**The task:** Please restate word for word the lines of the entries below from the one with "German civilians are" to the one with "An African- American", inclusive, and leave out every picture.

**The input:**
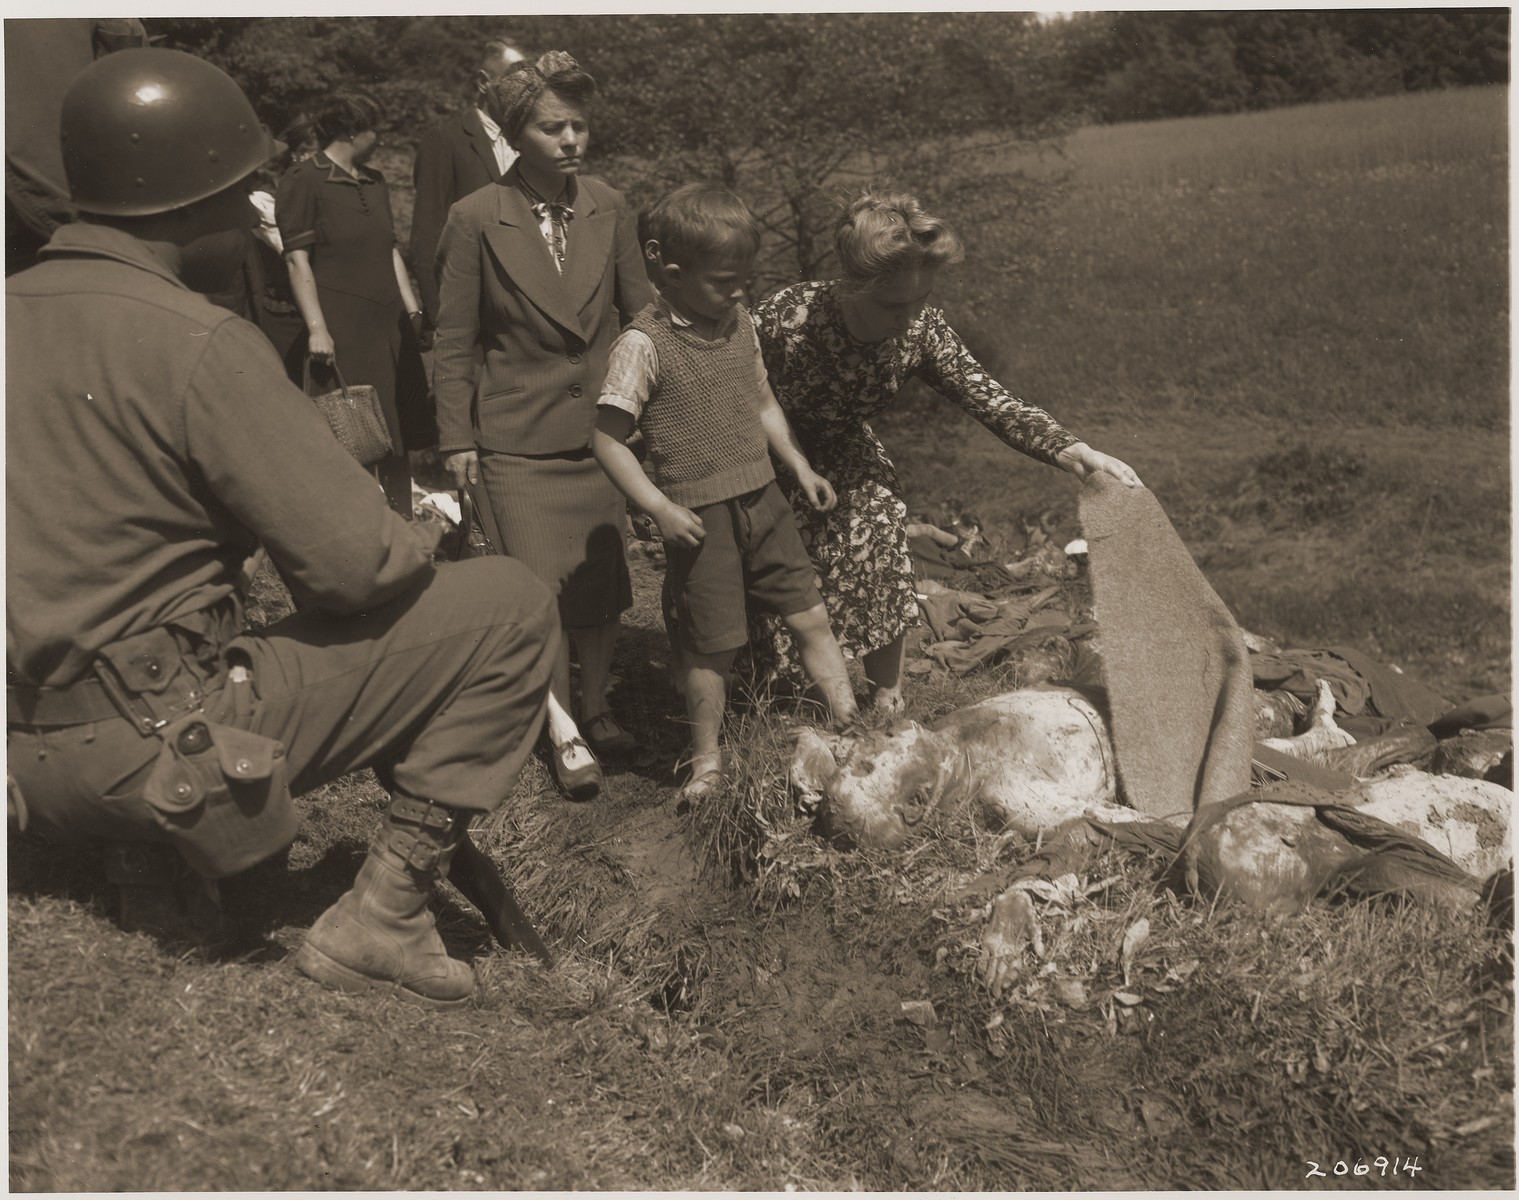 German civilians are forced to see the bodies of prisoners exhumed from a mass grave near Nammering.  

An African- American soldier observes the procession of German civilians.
...
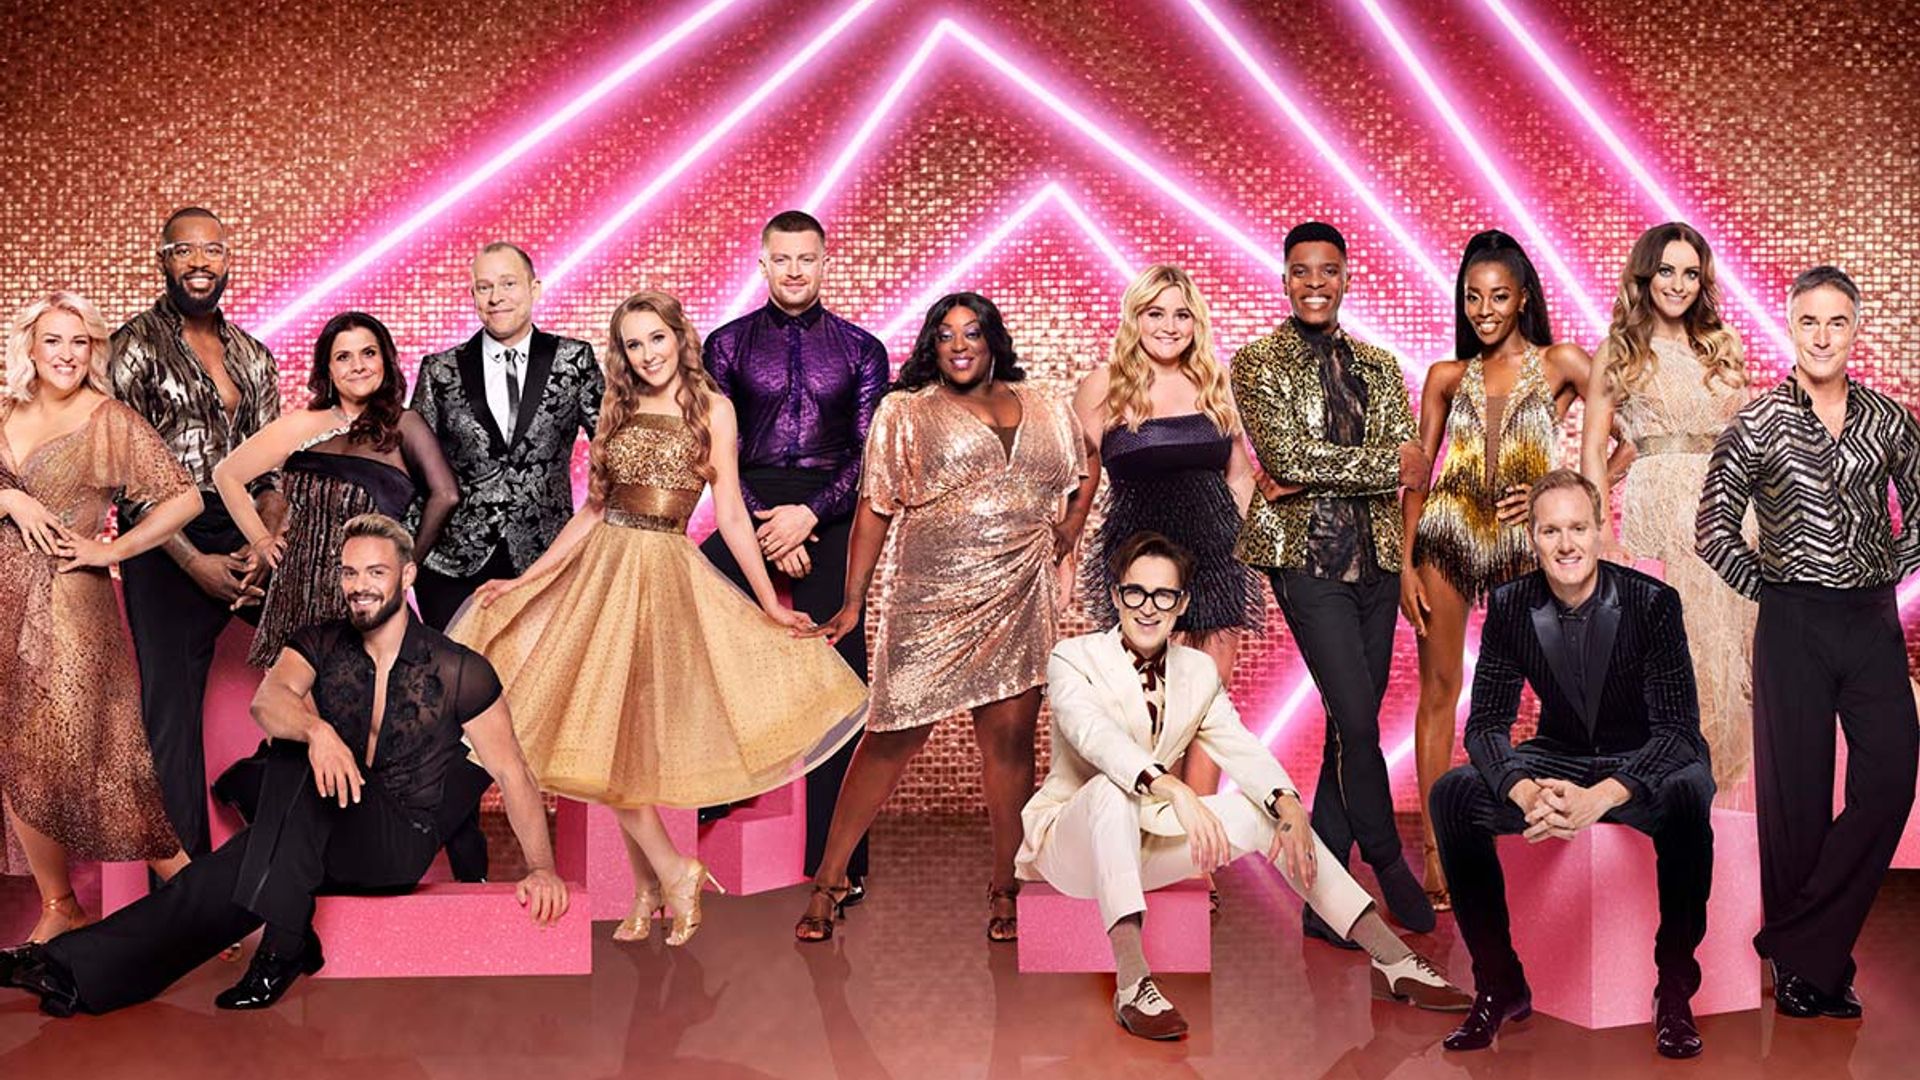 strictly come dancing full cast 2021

**Output of the task:**
 German civilians are forced to see the bodies of prisoners exhumed from a mass grave near Nammering.  

An African- American soldier observes the procession of German civilians.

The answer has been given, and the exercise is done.